My current research is focussed on the shapes and alignments of galaxies in the EAGLE simulation. There are many reasons that one may do this, including whether galaxies align with their host dark matter haloes, and whether the alignment of neighbouring galaxies depend on the observed frequency. The chief motivation for my work lies in some upcoming observations of ‘gravitational weak lensing’, which is where the images of distant galaxies are minutely distorted into apparently-aligned shapes by some foreground object, usually a large concentration of dark matter around a cluster of galaxies or a filament. By understanding the distortion, one understands the dark matter. A systematic error of such studies lies in the intrinsic alignment of galaxies, where neighbouring objects are in fact naturally aligned before any distortion. I use simulations to understand the degree of this intrinsic alignment, so that observers may better understand its impact on weak lensing measurements.

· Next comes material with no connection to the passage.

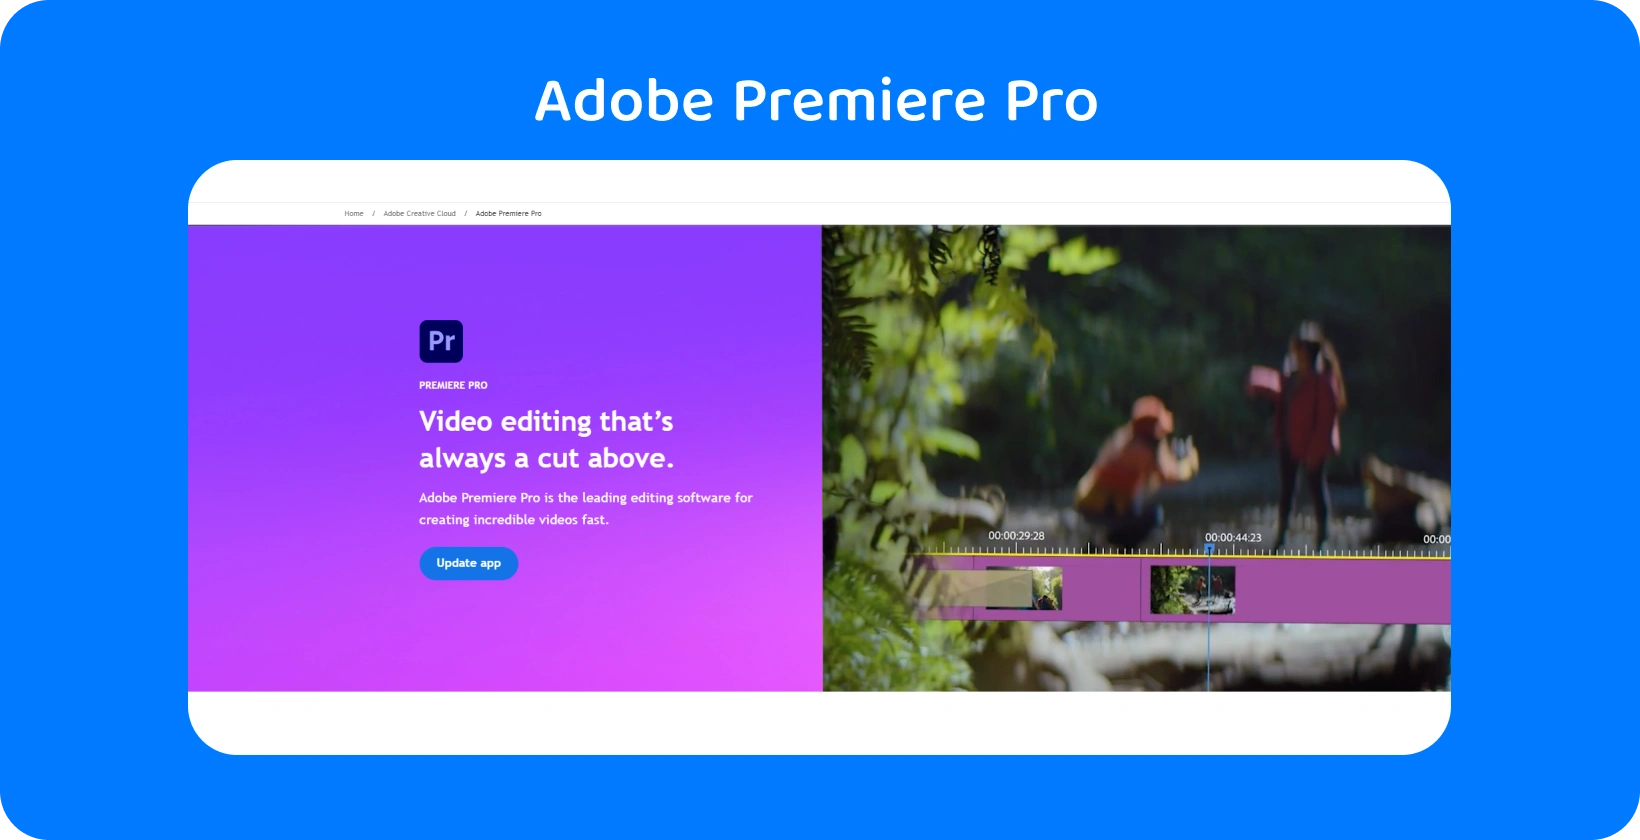 Adobe Premiere Pro grensesnitt som viser sine avanserte videoredigeringsfunksjoner, ideelt for raske, presise redigeringer.

The Astrophysics Research Institute (ARI) is part of Liverpool John Moores University and based in the IC2 building at the Liverpool Science Park. Comprised of nearly seventy research staff and forty graduate students, the work of the ARI encompasses a range of observational and theoretical research: Star Formation and Stellar Populations, Time Domain Astrophysics (focussing on rapidly changing astrophysical phenomena such as supernovae), Galaxy Formation and Evolution, Astronomical Instrumentation, and Computational Cosmology.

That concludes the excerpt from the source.